I just bought business class from DXB<>IAD today for $5000. I could have booked the same exact segment with a stopover in DXB from Mumbai or New Delhi for $2700 - That just blows my mind, but like some have pointed out - there is some flawed business logic here.

Next step for me - visa for india so i can do my transit for the next trip out.


----------



## Edino (Sep 22, 2013)

Fares from Dubai are always high with Emirates, because it not their focus. They focus on transfers and arrivals....

Emirates has some very good pricing on flghts to Dubai. I managed to buy business class return tickets from Amsterdam to Dubai on the A380 for just about 1300euro back in January. KLM on the other hand would charge at least 600euro more, for less comfort and service... Emirates for me always.


----------



## crt454 (Sep 3, 2012)

You pay for what you get, i paid originally $1100 round trip from Dbx to Seattle non stop 15 hr flight, then 3 days before my flight they offered me business class for 1000$ Which I accepted,can't beat that, sorry but I wouldn't fly with no other airline then emirates, there the best hands down.


----------



## Desert_Fever (Apr 13, 2013)

crt454 said:


> You pay for what you get, i paid originally $1100 round trip from Dbx to Seattle non stop 15 hr flight, then 3 days before my flight they offered me business class for 1000$ Which I accepted,can't beat that, sorry but I wouldn't fly with no other airline then emirates, there the best hands down.


That 1000 dollar upgrade is nice.
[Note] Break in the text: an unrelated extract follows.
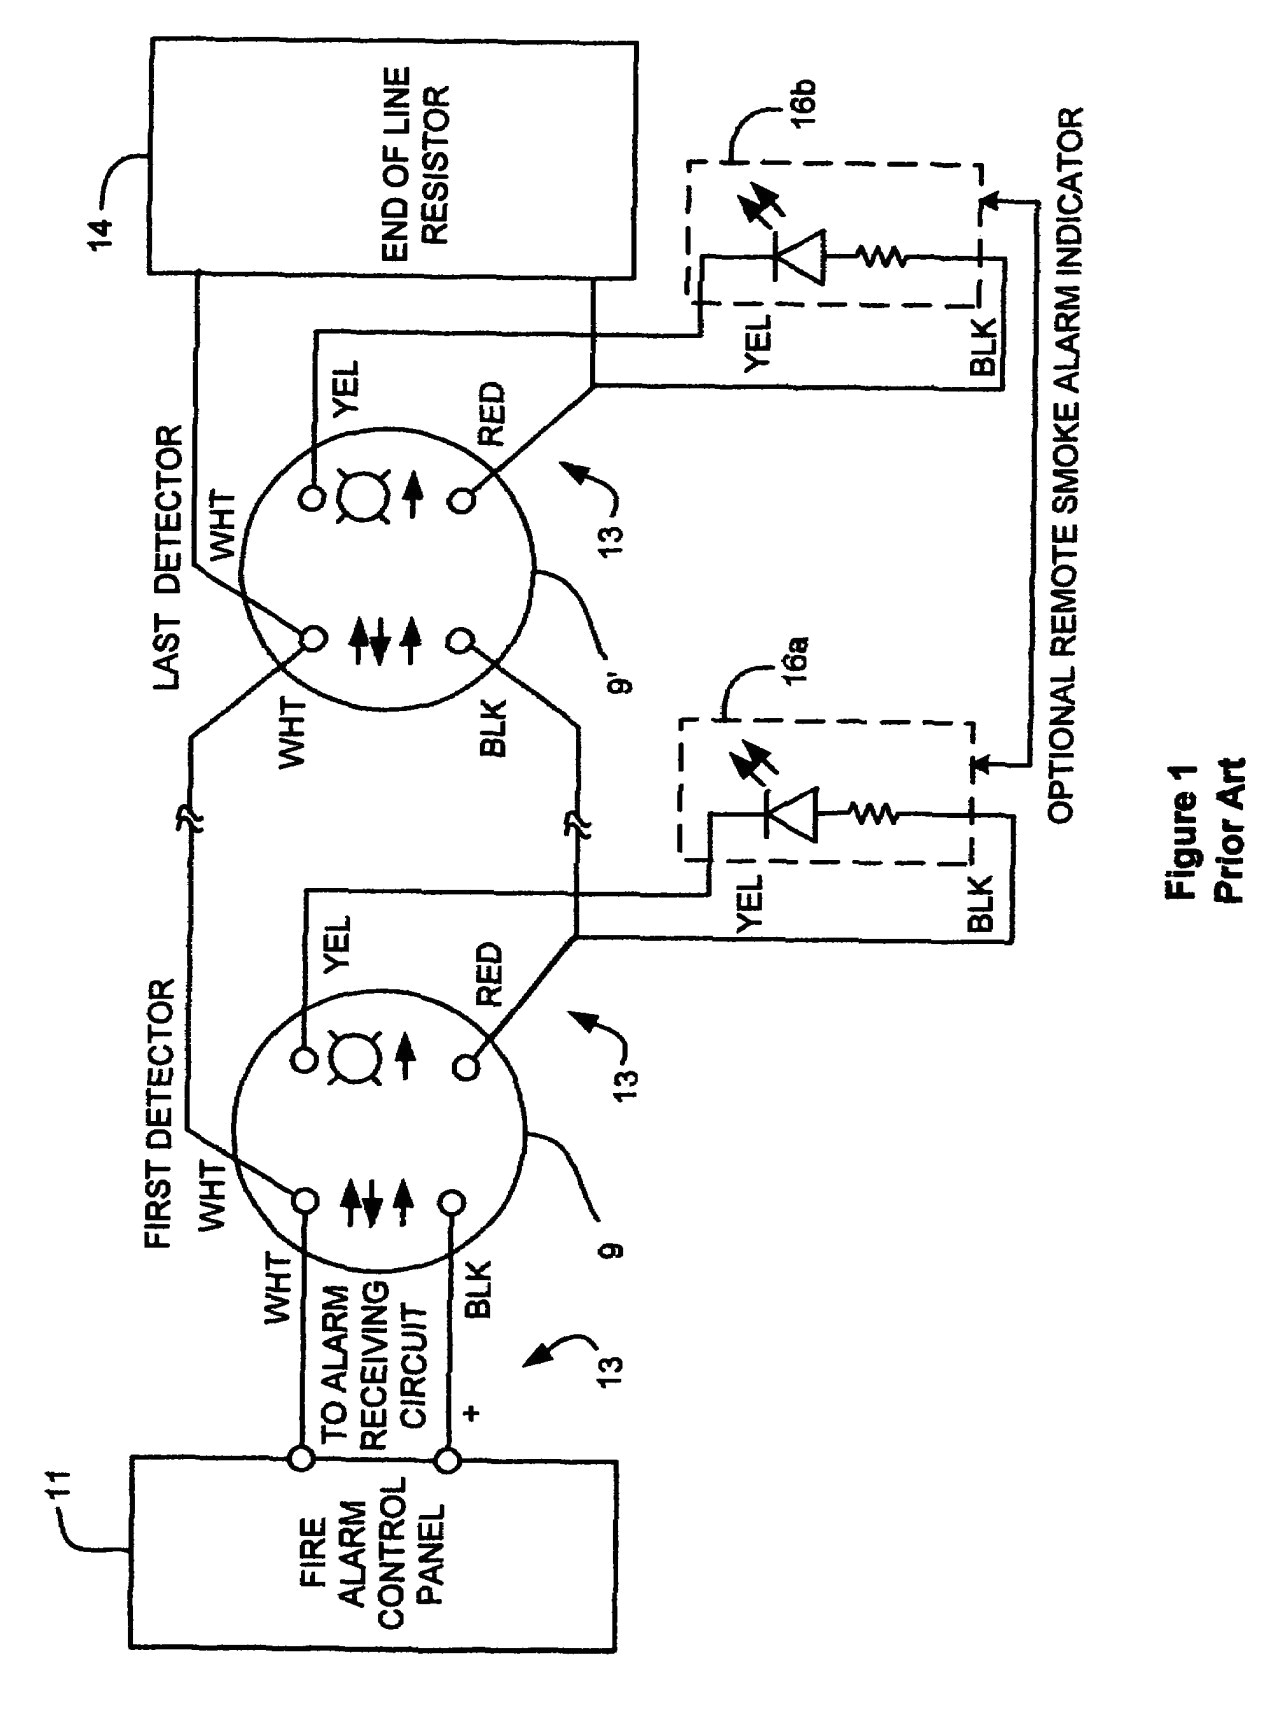 smoke detector wiring diagram beautiful smoke detector wiring diagram luxury pretty simplex smoke detector of smoke detector wiring diagram within wiring diagram for smoke detectors jpg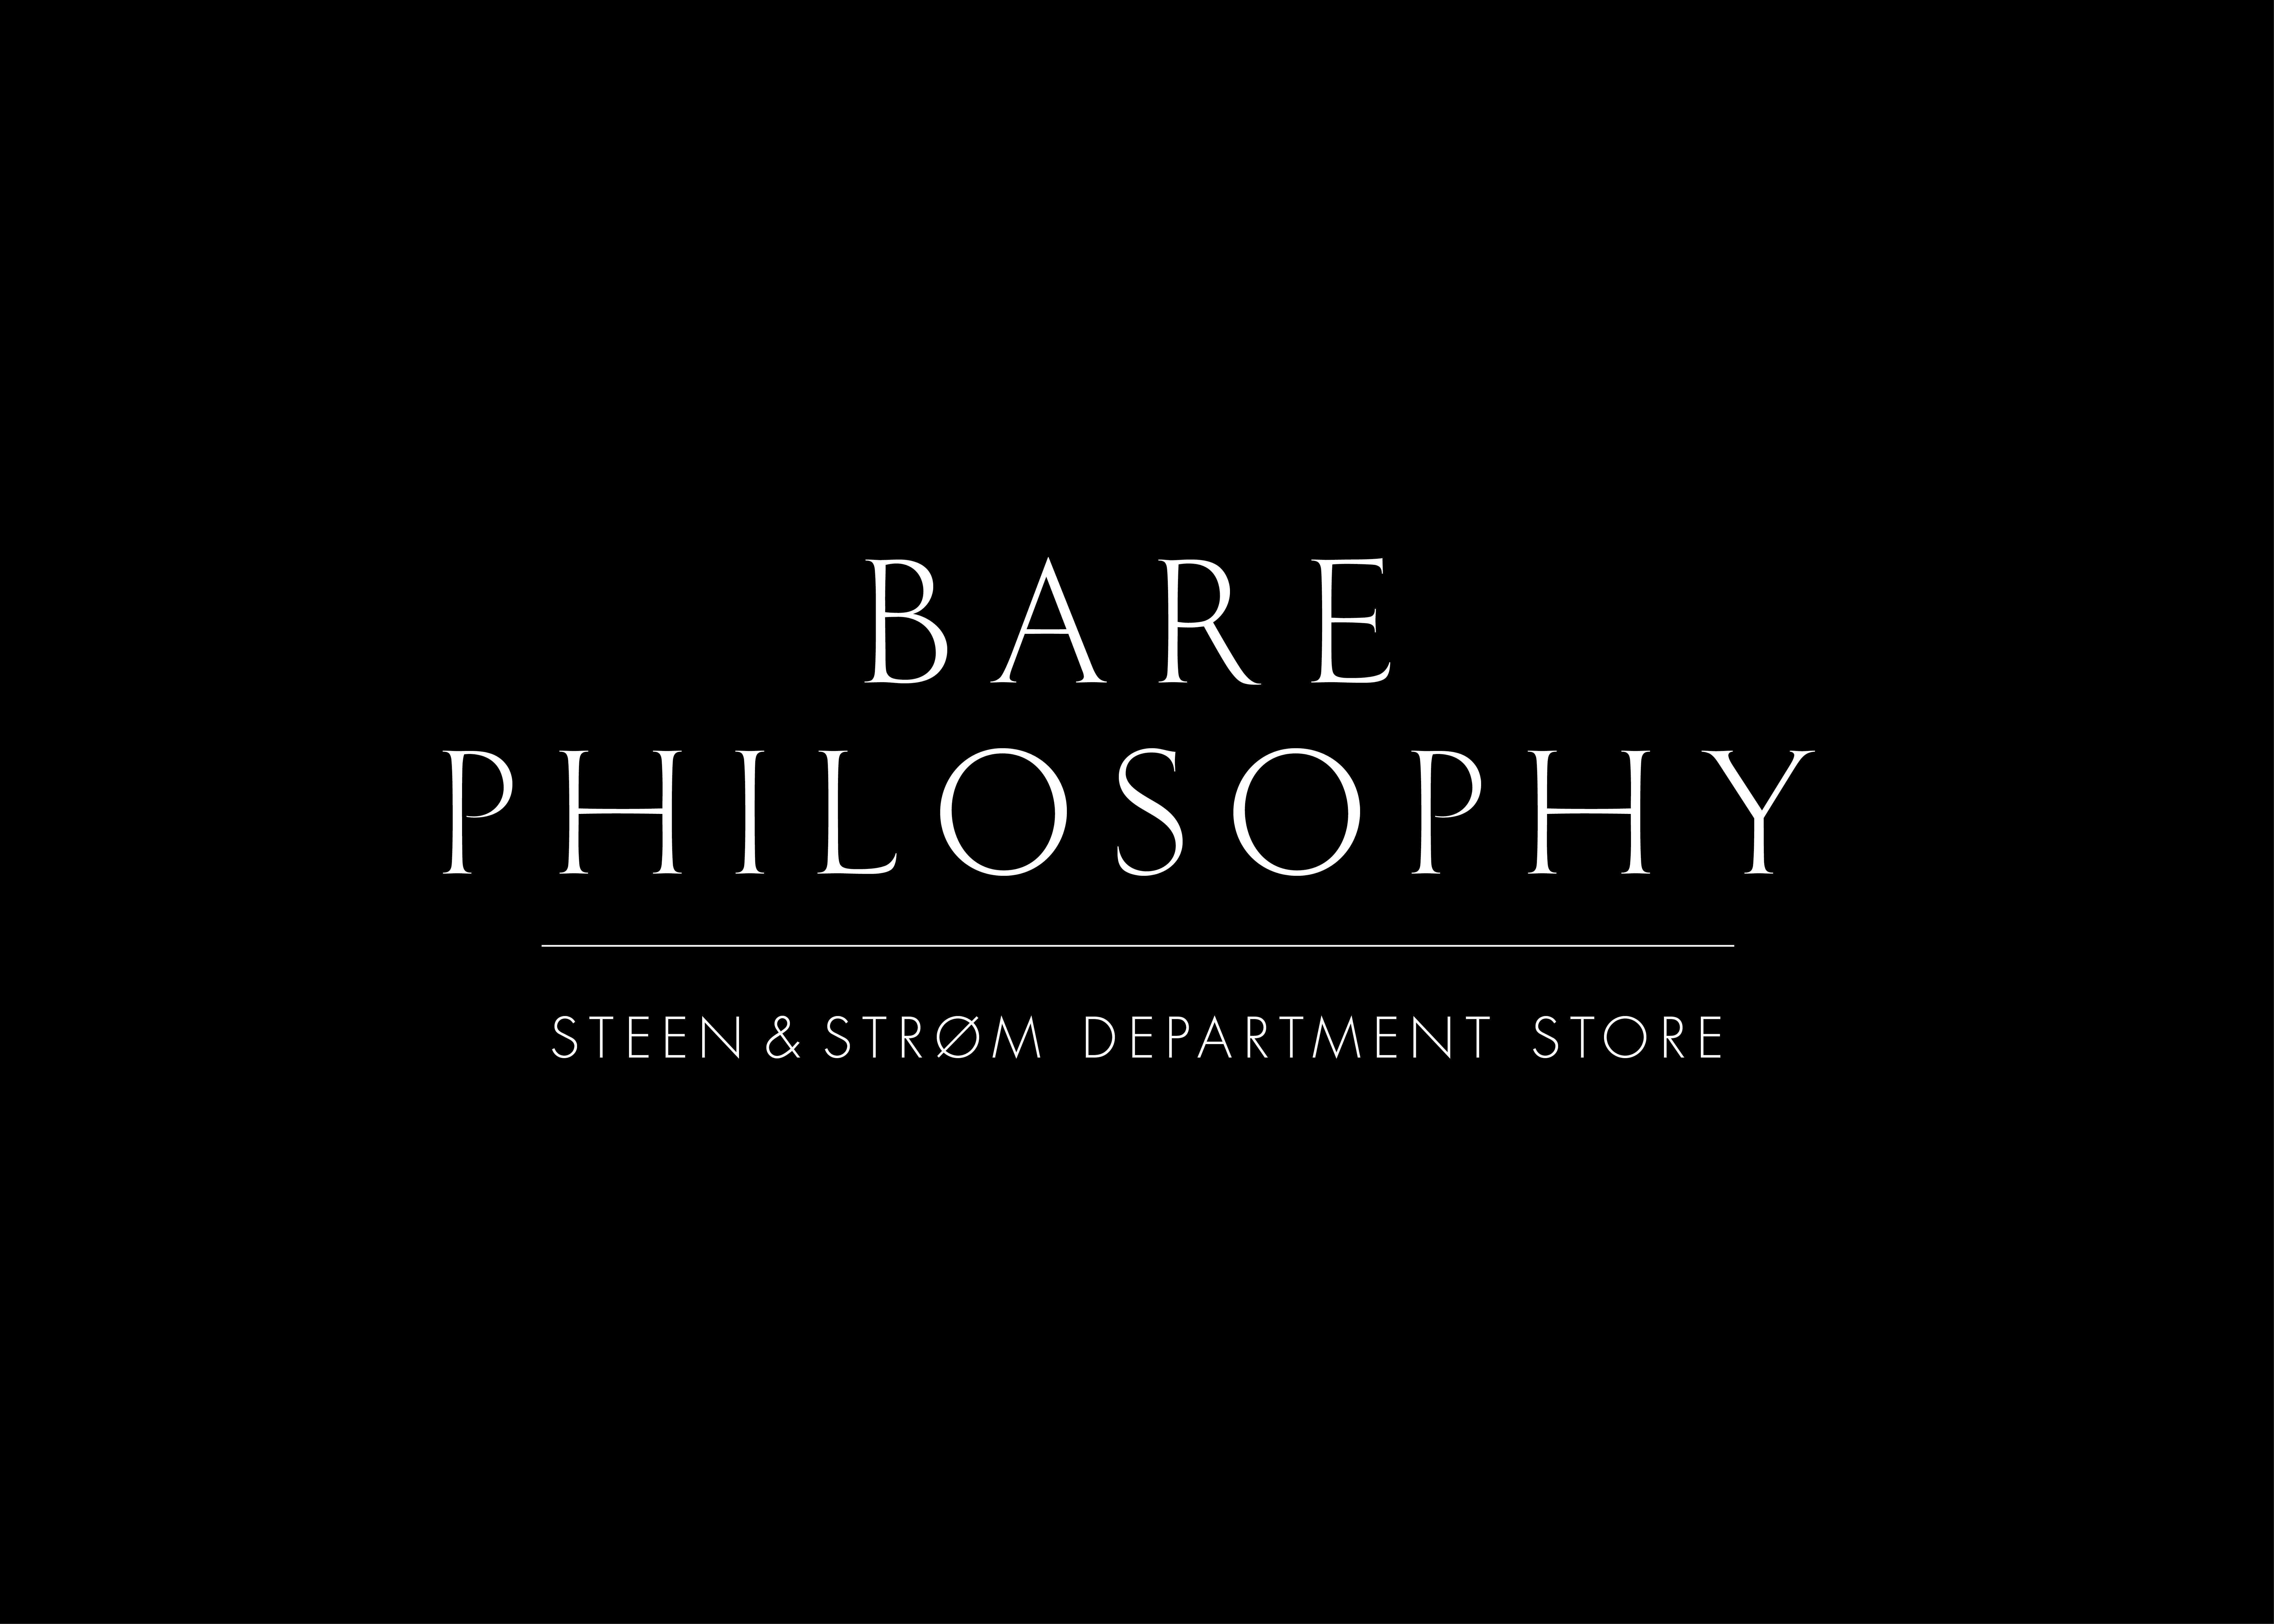 bare_visuell identitet

Too bad it isn't offered as much when you are platinum. You either get upgraded or not.


----------



## The Rascal (Aug 6, 2014)

Another reason that EK fares are higher when you start in DXB is because they're owned by the government, therefore all government and public sector flights are made on EK, it's just spreading money around - it's exactly the same in Abu Dhabi and Qatar.


----------



## Desert_Fever (Apr 13, 2013)

Interesting point


----------